The default settings, while often a good starting point, can sometimes be too sensitive, leading to overfitting of the graph to the underlying embedding.
🛠️ Clean Up Your Graph with Learn_Graph_Control
To gain better control, use the Learn_Graph_Control argument. This lets you tune the complexity and smoothness of the learned trajectory.
Recommended Parameters
R
CDS <- learn_graph(CDS,
use_partition = TRUE,
verbose = FALSE,
learn_graph_control = list(ncenter = 50,
epsilon = 1e-6,
minimal_k = 10,
minimal_branch_len = 15))
Parameter Breakdown
- ncenter: Number of centers for the principal graph. Smaller = simpler graph with fewer branches.
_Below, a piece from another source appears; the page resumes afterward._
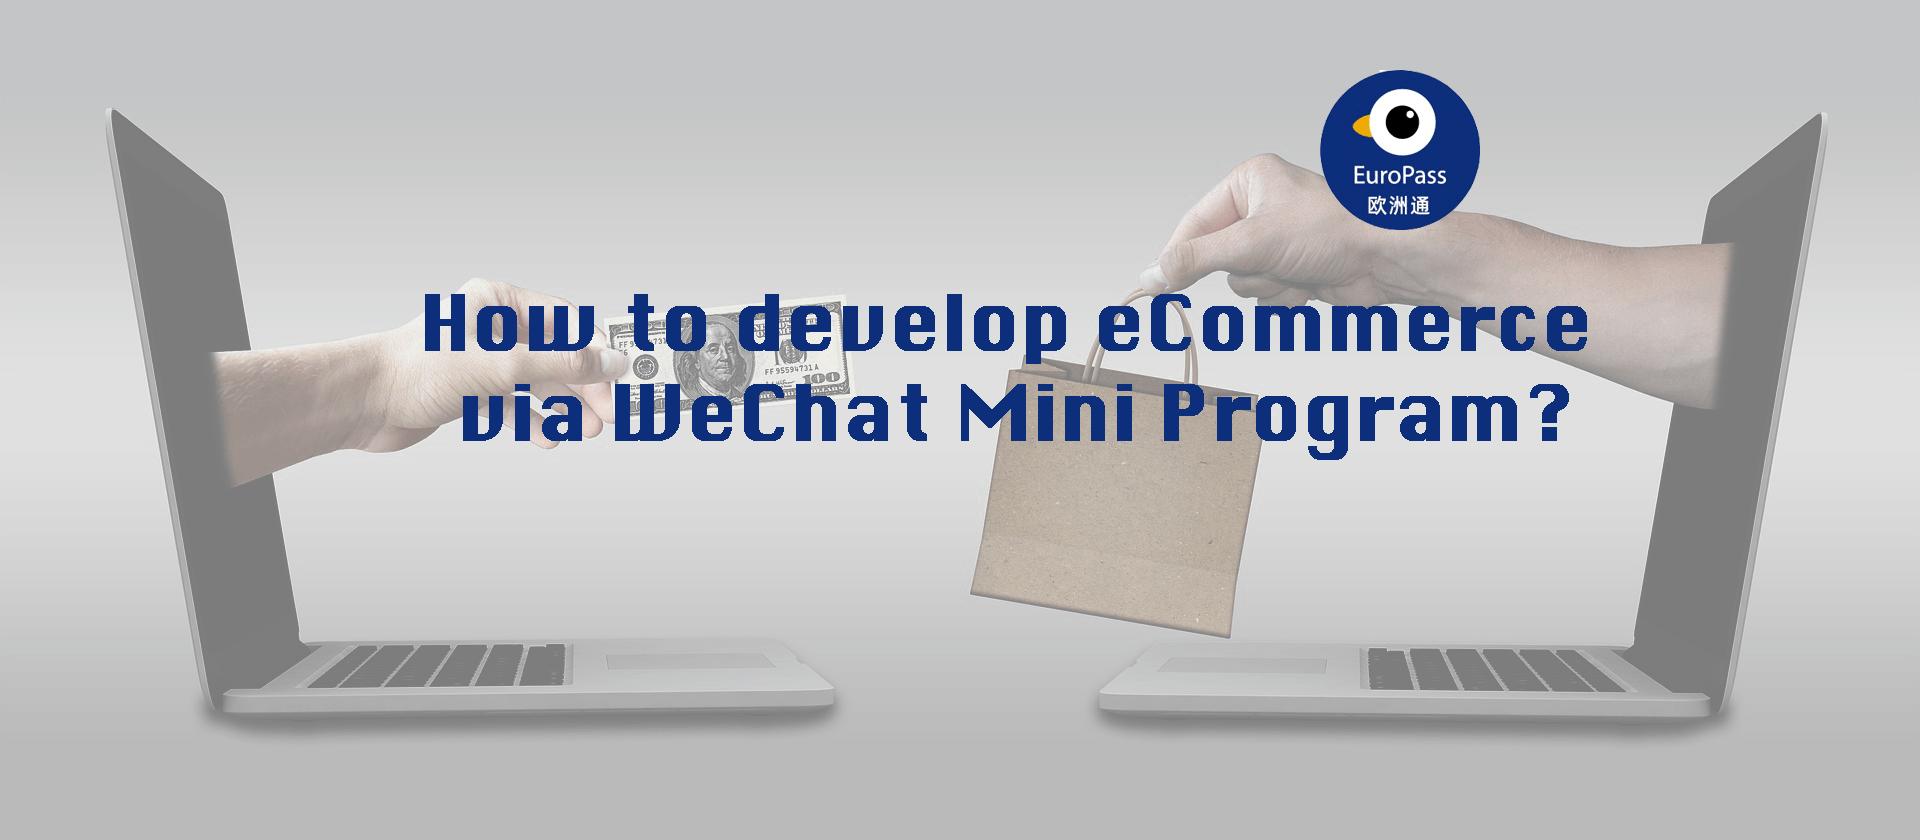 WeChat Mini Program & eCommerce

Try 30–100 depending on dataset size.
- minimal_k: Minimum number of neighbors used in smoothing. Higher = more smoothing, reducing noise.
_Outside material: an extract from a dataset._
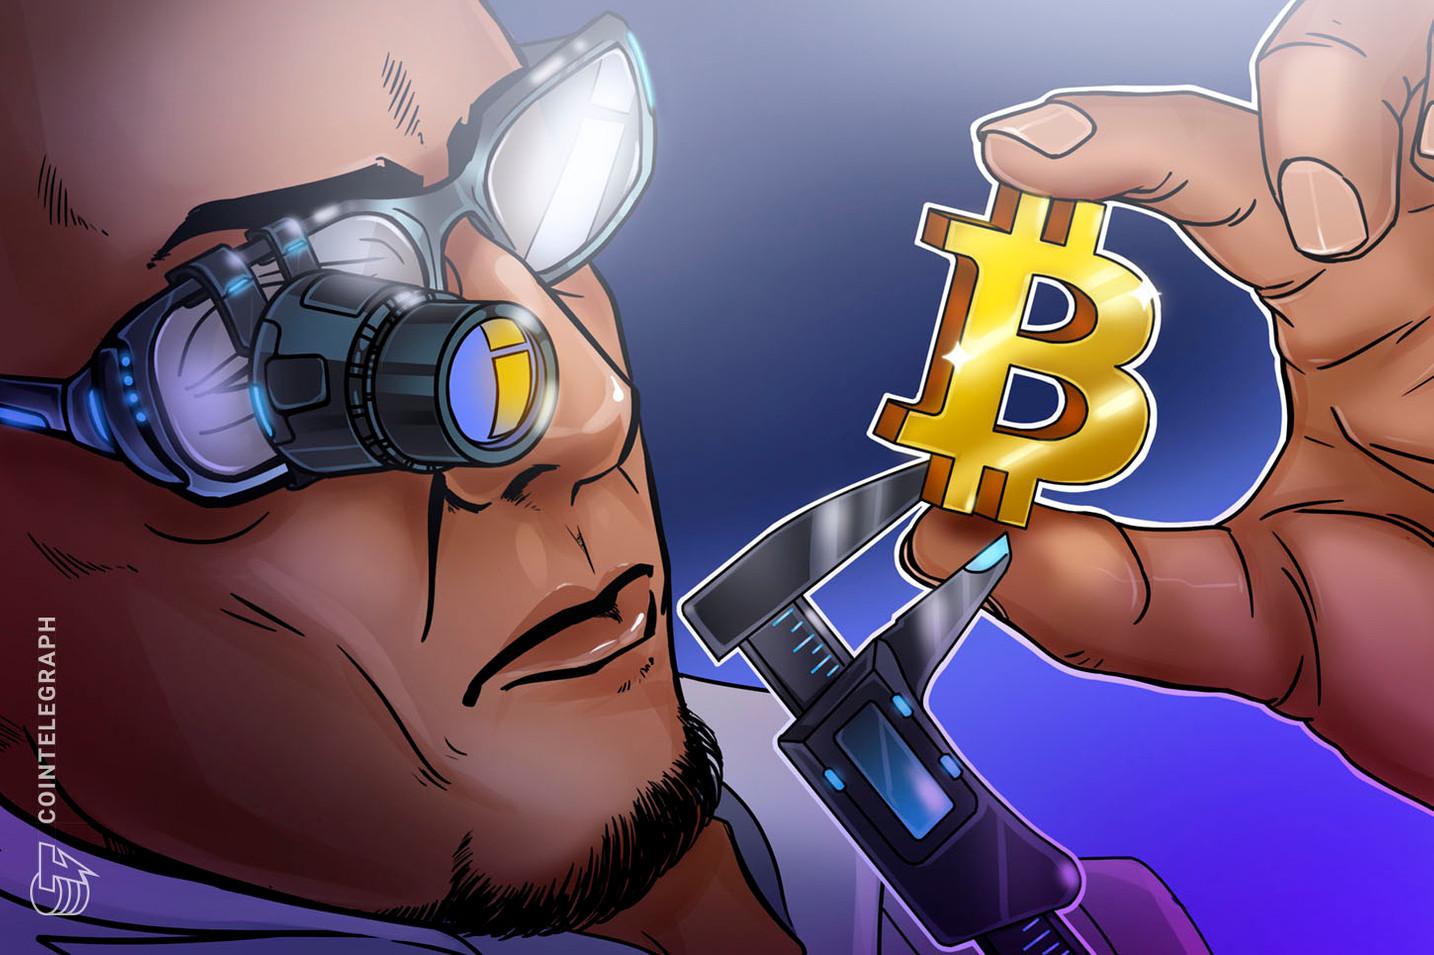 Bitcoin returns to $1T asset as BTC price blasts to $55K

- minimal_branch_len: Minimum branch length (in UMAP units). Removes tiny loops or “stub” branches that often clutter the trajectory.
Check Your Monocle3 Version
Some of these tuning options may vary depending on your Monocle3 version. Upgrade if needed to ensure compatibility with learn_graph_control. To check:
R
packageVersion("monocle3")
🧼 Still Messy? Check Your UMAP First
Even with proper graph parameters, if your UMAP is noisy, the learned graph will still reflect that noise.
Here’s a simple trick: Increase the min_dist in UMAP to reduce overfitting of local variation. This helps pull apart clusters and reduce spurious proximity between unrelated cell types.
R
CDS <- preprocess_cds(CDS, ...)
CDS <- reduce_dimension(CDS,
reduction_method = "UMAP",
umap.metric = "cosine",
umap.min_dist = 0.4)
✅ Final Thoughts
Monocle3 is a powerful tool, but like any modeling algorithm, it benefits from careful parameter tuning and preprocessing. Messy graphs aren’t necessarily a bug — they often reflect noisy embeddings or overly sensitive defaults.